German doctors and medical historians have
criticised the German Medical Association’s present and previous presidents for
omitting the Nazi past of another former president in a recent obituary in
Deutsches Ärzteblatt, the German counterpart of the BMJ. The article concluded
by stating that Hans Joachim Sewering "rendered outstanding services to
the protection of ethical values in medical practice".

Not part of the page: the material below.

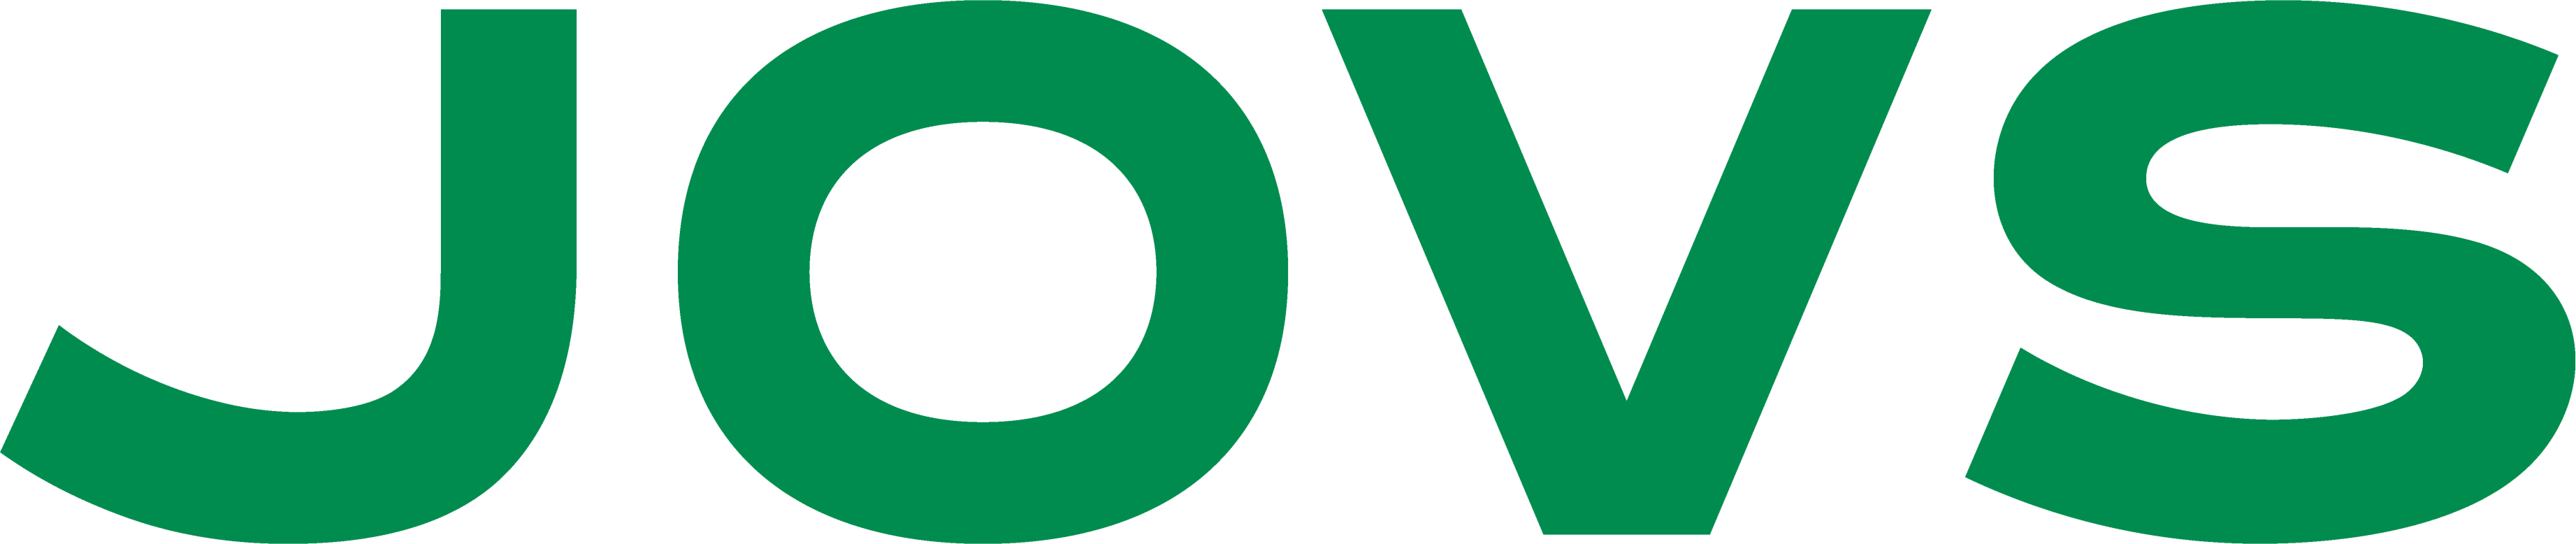 Official JOVS logo, representing innovative beauty technology.

The German medical community’s considerable
efforts to come to terms with the Nazi past make this omission
incomprehensible, say 81 signatories to an open letter.
The editor countered that a previous short
article had mentioned Sewering’s Nazi past. He also said the German Medical
Association and the Deutsches Ärzteblatt had tried hard to shed light on the
Nazi period by commissioning
independent research projects.
Professor Sewering was a member of both the
Nazi Party and the SS. He began work in a lung hospital for disabled children
near Munich in 1942. Between June 1943 and February 1945 he sent at least nine
children to another hospital known for euthanasia. Five of them died there from
malnutrition. However, witnesses
accused him of involvement in the intentional starvation and drugging of
over
900 mentally and physically disabled patients.
After the war, he became an official in the
German and Bavarian Medical Associations and was president of the German
Medical Association from 1973 to 1978. His Nazi past emerged in 1993 when he
sought to become president of the World Medical Association. He failed but remained
an honoured member of the national association and received many distinctions.